Jumping on board....

Day 1: 1 burpee / 20sec plank


----------



## reed11b (Sep 1, 2013)

Get some!
Reed


----------



## racing_kitty (Sep 1, 2013)

I'm up to day seven. Seven burpees and :45 second plank.


----------



## reed11b (Sep 4, 2013)

Should be on 27/18, three day behind. Did 25/16 this morning will do 26/17 tonight. I hope to do 27/18 as well.
Reed


----------



## SkrewzLoose (Sep 4, 2013)

That's only 78, get it done.


----------



## LibraryLady (Sep 4, 2013)

SkrewzLoose said:


> That's only 78, get it done.



Are you doing it?  

I started it all over again, since I'm old and forgetful, I went with starting on Sep 1.  I figure by Sep 30, I'll be in the habit enough not to forget what I'm supposed to do and how many... :-"

LL


----------



## reed11b (Sep 4, 2013)

26/17, going to do the 27/18 in couple of hours. ugh, huffing and puffing like a.....fat....kid....working....out. :deadamnit!
Reed


----------



## LibraryLady (Sep 4, 2013)

reed11b said:


> ... ugh, huffing and puffing like a.....fat....kid....working....out...


 
Snork.  My lunch was twice as big as yours and I'm not huffing n puffing...

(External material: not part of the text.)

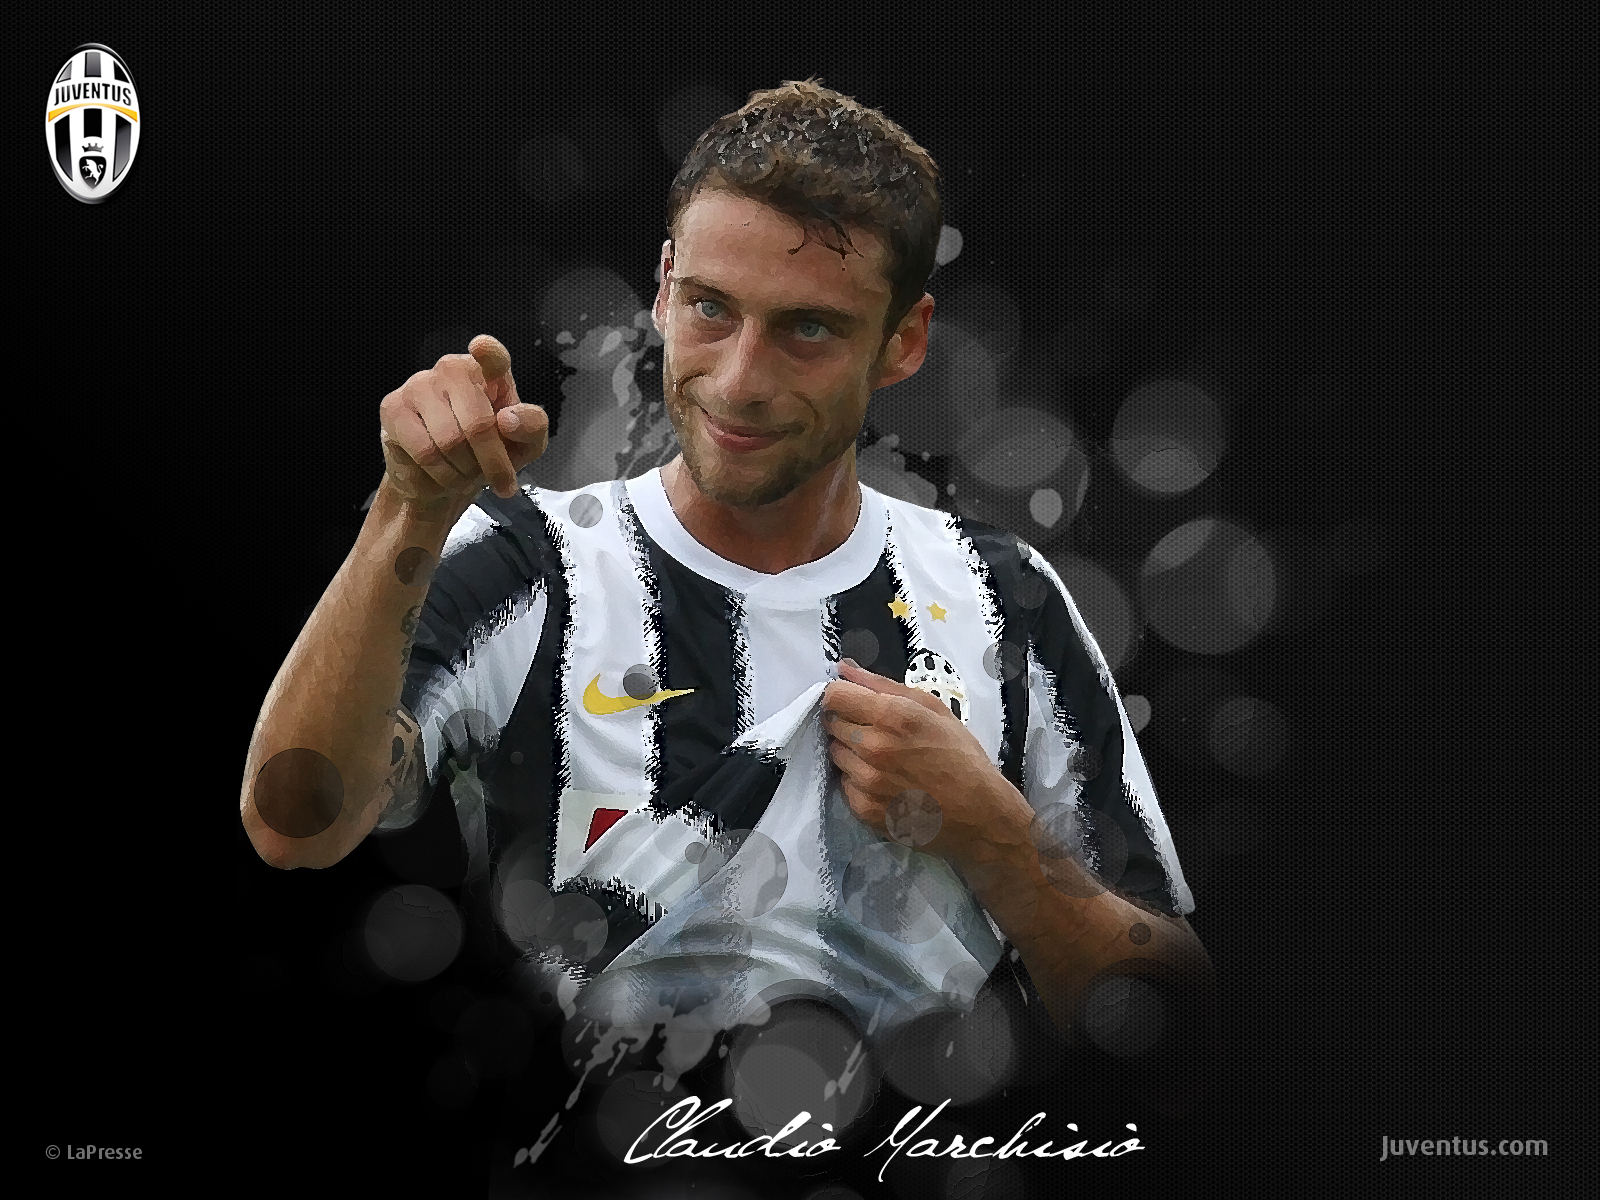 Claudio Marchisio Juventus | Foto Bugil Bokep 2017

Oh. Wait.  I'm back on Day 4... 

Zing!  Gotcha Reed! 

LL


----------



## x SF med (Sep 4, 2013)

reed11b said:


> 26/17, going to do the 27/18 in couple of hours. ugh, huffing and puffing like a.....fat....kid....working....out.
> 
> 
> 
> ...


 

I should have made you eat yogurt and granola for lunch...  or a salad...


----------



## reed11b (Sep 5, 2013)

Day 27/18 in the rearview.
Reed


----------



## enceladus (Sep 5, 2013)

Still on serve...
Day 5: 5 burpees

I haven't even broken a sweat yet, and I already regret signing up for this.


----------



## LibraryLady (Sep 5, 2013)

enceladus said:


> Still on serve...
> Day 5: 5 burpees
> 
> I haven't even broken a sweat yet, and I already regret signing up for this.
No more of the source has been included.